As I glanced sideways, I was met with a little blank face smiling back at me. As a quiet unease was forming in the back of mind I asked her doubtfully:
“Teenager; is woedend an English word?”
“I don’t know that word, but it sounds OK.” She answered solicitously.
Right, I was thinking to myself: it’s spelt with a ‘w’ which is pronounced as ‘v’ and it’s spelt with an ‘oe’ which is pronounced as ‘oo’. That’s Dutch spelling, I concluded.
“Teenager, it’s a Dutch word meaning ‘furious’.”
She immediately launched into a list of things she was feeling woedend about:
“I am woedend about being different to other kids, I am woedend about you always being ‘right’, I am woedend about not being able to concentrate at school, etc…”
OK, that’s another word that had been adopted into the family vocabulary. It will join the Dutch oen (pronounced as oon in ‘noon’) and the Hungarian ‘sipirc’ (pronounced as shiepierts) among other favourites. Oen is slang for ‘silly, foolish, stupid’, a bit like ‘woolly’ (I am not sure if I spelt that correctly?). It’s the sort of expression that you won’t find in any dictionary, it exists only in spoken language. Yet my children take a great exception to this word and get highly offended if I call them an oen (“Don’t ever call me stupid, Mum!”). Sipirc needs to be spoken with vehement Hungarian emphasis, accompanied by a gesture: a stretched out arm and index finger pointing at the nearest exit. It’s best used on animals and small children.
And to answer my own question: can there be thought without language? Yes, in my mind at least. My thoughts always materialise initially in either the form of images or abstract concepts describing the ‘function’ of the word/phrase I am looking for.

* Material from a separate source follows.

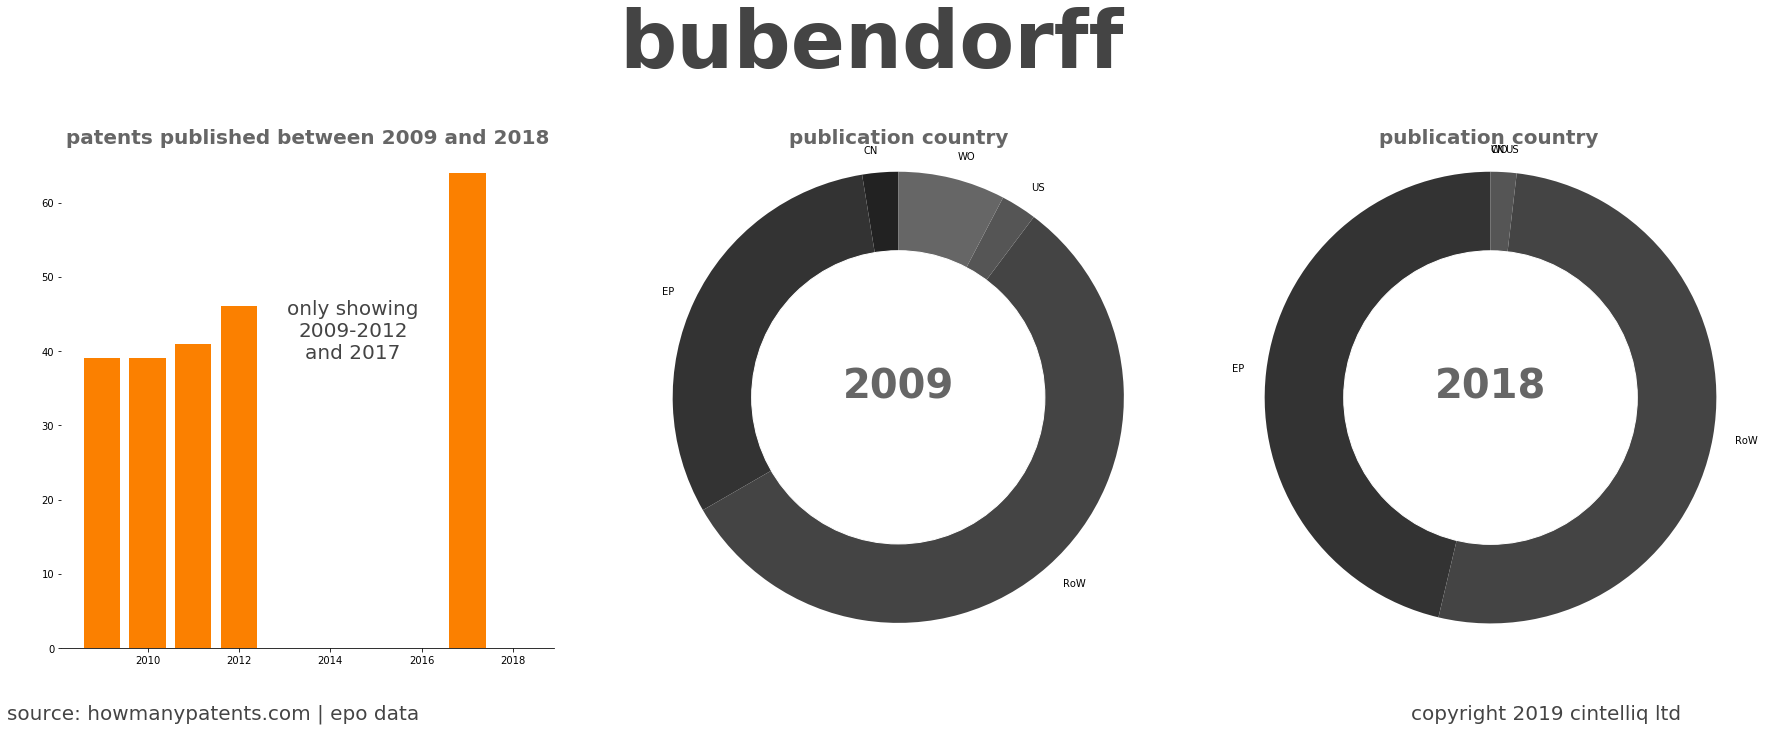 summary of patents for Bubendorff

One very common difficulty I have, for example, is to find the word for ‘woodpecker’ (not that it’s a word I use a lot, but when I need it it’s never there). My first thought is always ‘the bird that pulls the worms out of the tree trunk, i.e.: the tree doctor’ (a bit childish I know…). From this starting point, it’s hard to get to woodpecker, because the word ‘tree’ instead of ‘wood’ is stuck in my mind and I can’t get any further. This is a learnt association turned into a habit, and my brain goes down the same neural pathway every single time! Very frustrating…
The same thing happens when I am trying to recall the name for ‘clothes pegs’. The first concept I think of is ‘the things that pinch the clothes to the washing line’ and immediately the Dutch word knijpers comes to mind, which literally means ‘pinchers’ as well as ‘pegs’ in Dutch. Once I arrived at the most intuitive word to express what I am trying to say in my own special way, I come to a dead-end until a family member comes to my rescue and reminds me of the word ‘pegs’.
The examples are endless. The problem seems to be that my mind automatically goes to find the most treffend expression. Treffend, a lovely Dutch word, (in this context) means ‘something that hits the nail on the head’. The Hungarian equivalent would be találó ‘something that hits the spot’, derived from találat which means ‘a hit’ (as in the context of shooting). My brain’s efforts to provide me with the most meaningful and concise expression that matches the image/concept to be expressed, often end in a multilingual meltdown. I think Teenager is right in her diagnosis: speaking 3 languages has permanently damaged my brain. It’s a price I am prepared to pay.